Vous auriez perdu une partie de votre clientèle ces trois dernières années. Pourquoi et comment comptez-vous la reconquérir ?

En ce qui concerne la situation de la clientèle ces trois dernières années, je ne suis pas la personne appropriée pour expliquer cette fuite de la clientèle. En revanche, la volonté de l’État dans ce projet de création de la Bpc est de démarrer un nouveau chapitre, tourné vers l’avenir et non vers le passé. Il s’agit de bâtir une nouvelle relation avec la population. C’est aujourd’hui au cœur de notre réflexion stratégique à la Bpc. Cela commence par l’éducation bancaire. Il est essentiel que la banque et sa clientèle se comprennent mutuellement, que chacun saisisse les limites de l’autre, afin de trouver un terrain d’entente où le client puisse en tirer tous les bénéfices. Tous les nouveaux produits sont conçus dans cette optique, visant à instaurer une dynamique nouvelle, une relation renouvelée où la banque et la population comorienne convergent vers un intérêt commun et national.

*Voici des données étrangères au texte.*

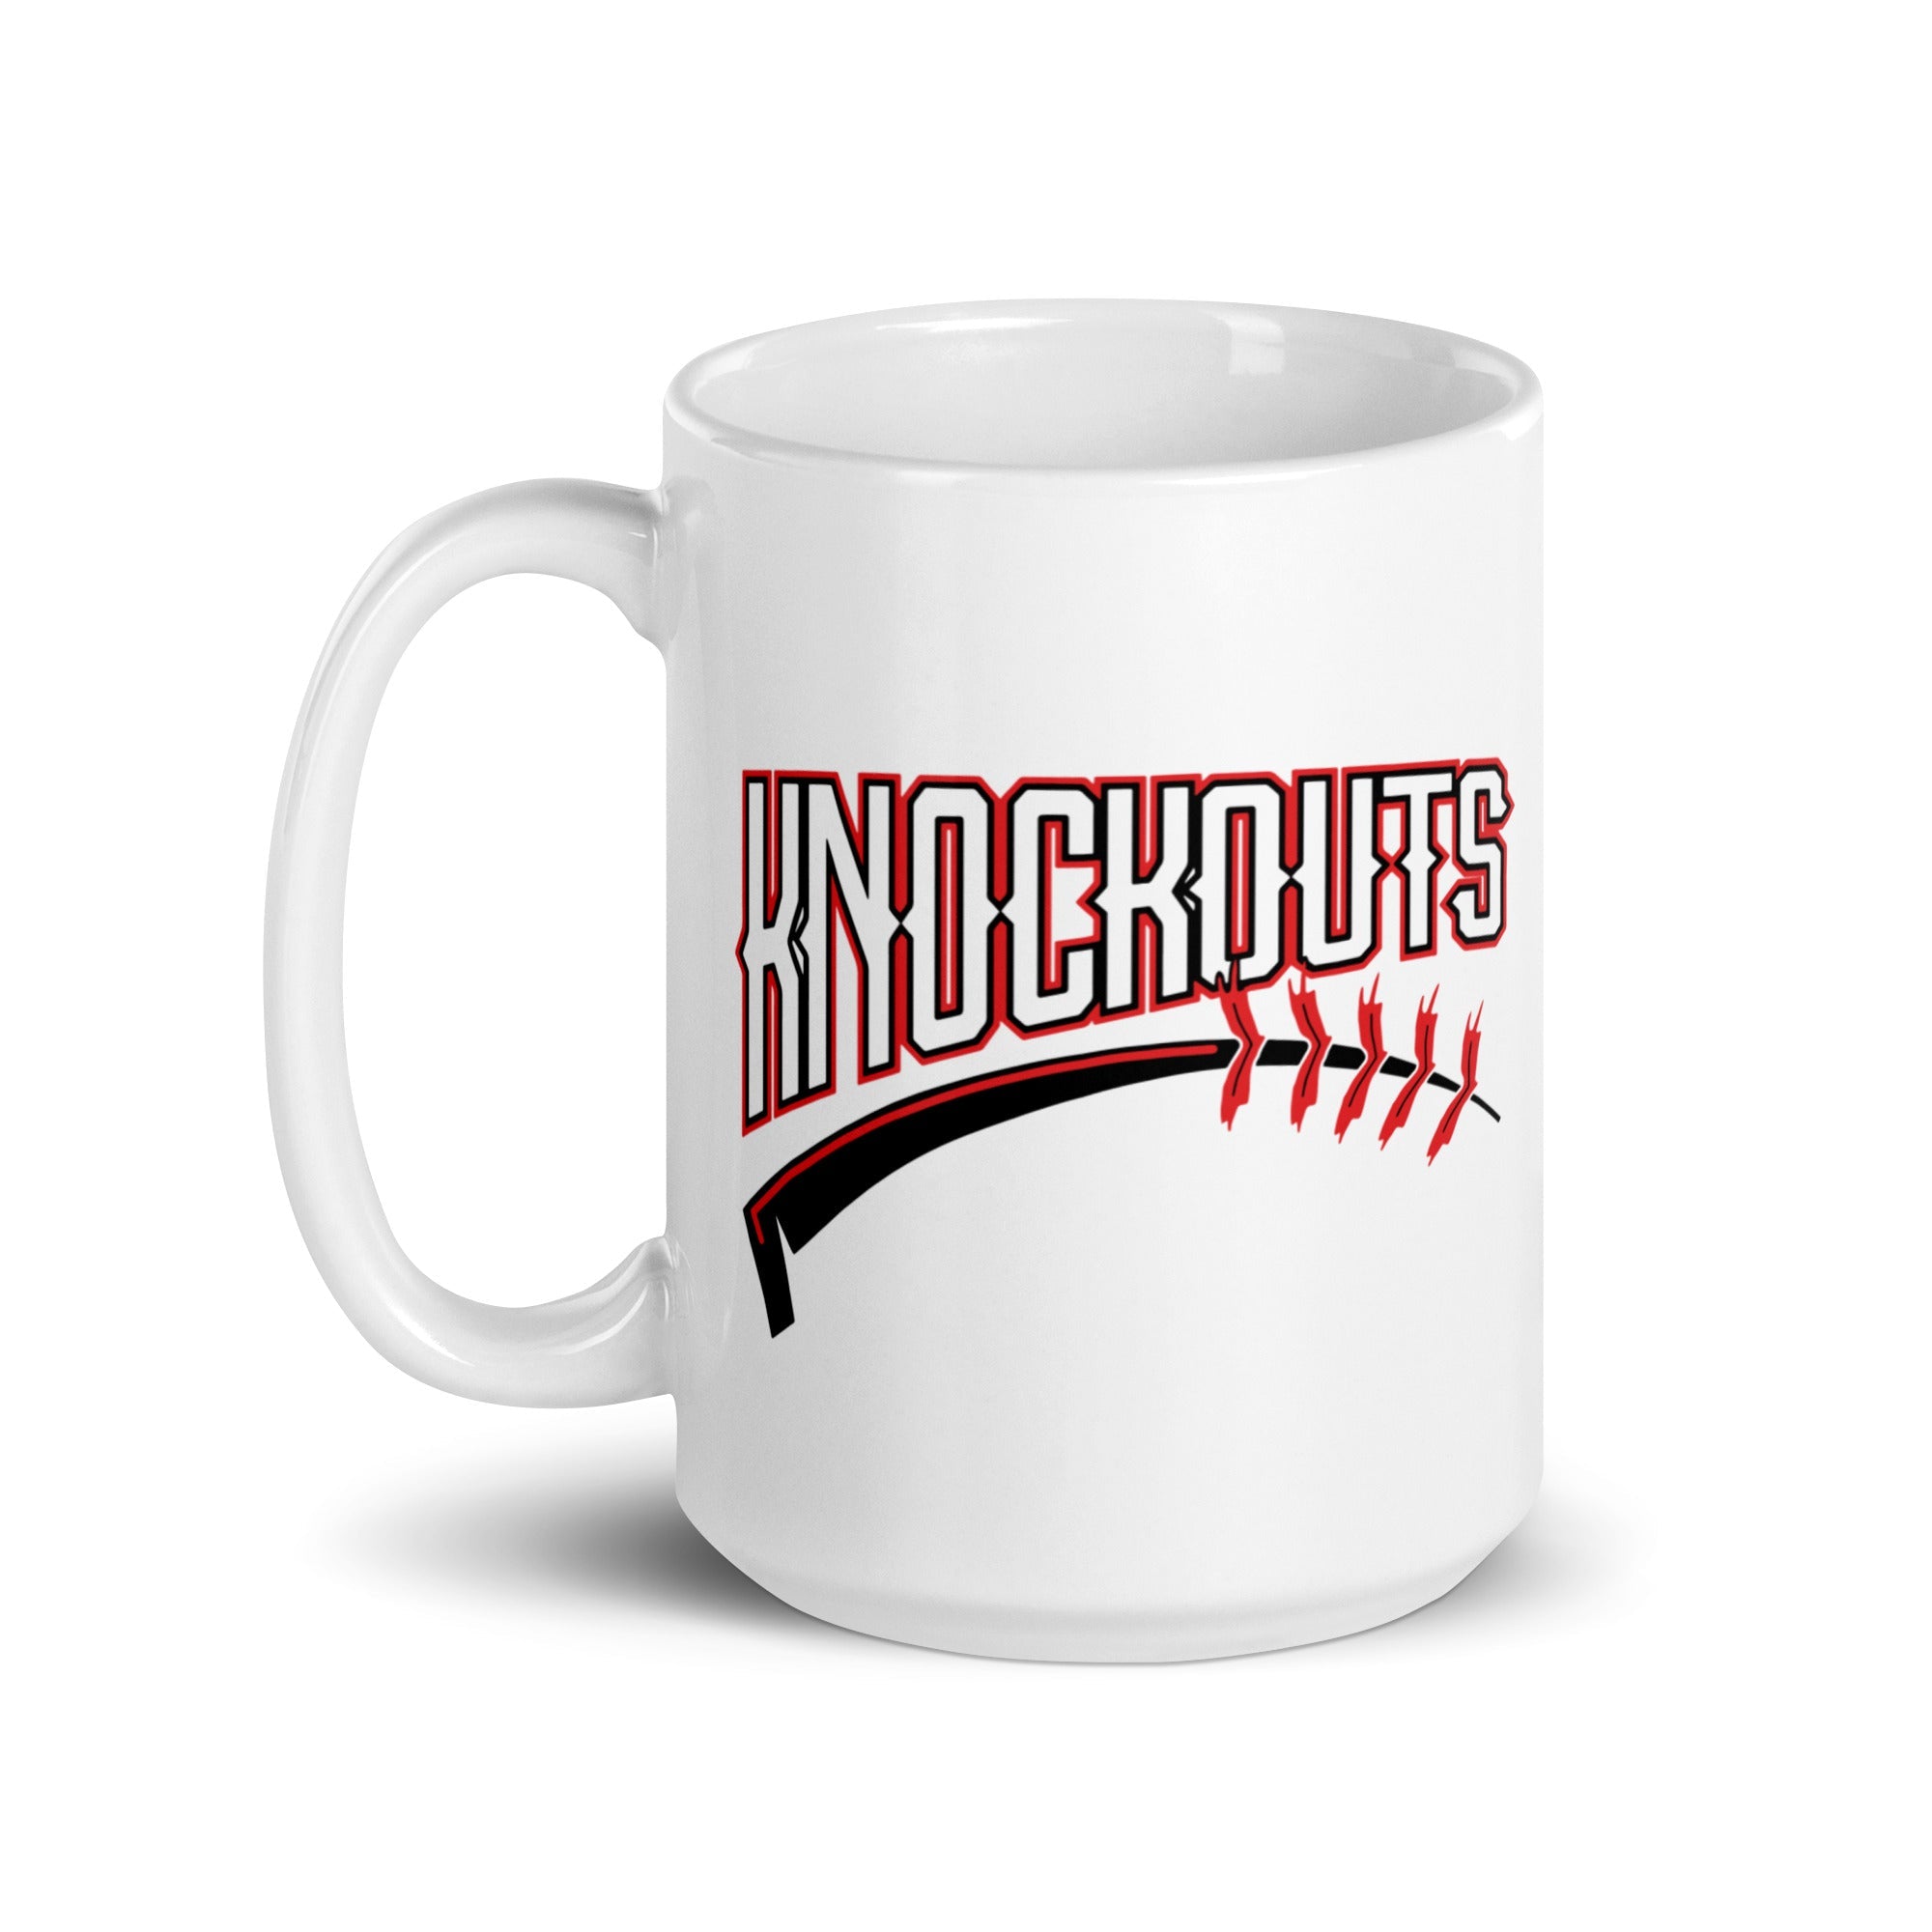 Knockouts White glossy mug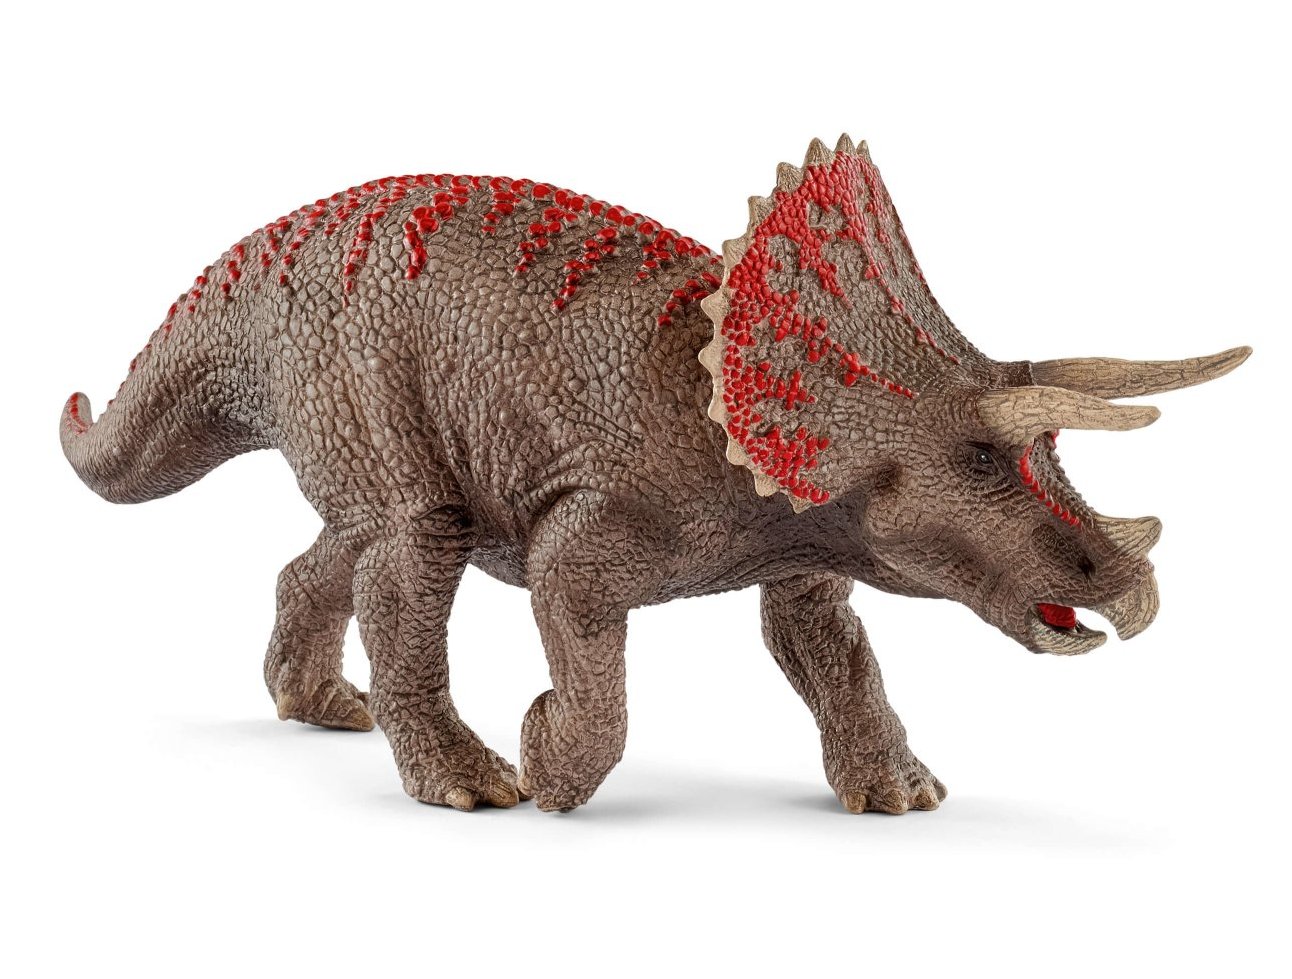 Figurina triceratops, Schleich 15000

Certains clients rencontraient des difficultés concernant les virements internationaux. Quelle est la situation actuelle ?

Les virements Swift sont désormais effectués. La Bpc, à l’instar de nombreuses banques comoriennes, ne dispose pas de correspondants pour les dollars, mais pour les euros. Toutefois, certaines opérations non autorisées ont été suspendues. Plusieurs clients avaient l’habitude d’utiliser le système Sepa (Single Euro Payments Area) pour effectuer des virements internationaux. Ce système étant une opération entre banques et non entre un client et une banque, ces clients sont invités à prendre contact afin de modifier leur Rib. Il est à noter que l’initiation d’une opération Sepa ne peut pas être effectuée par un particulier.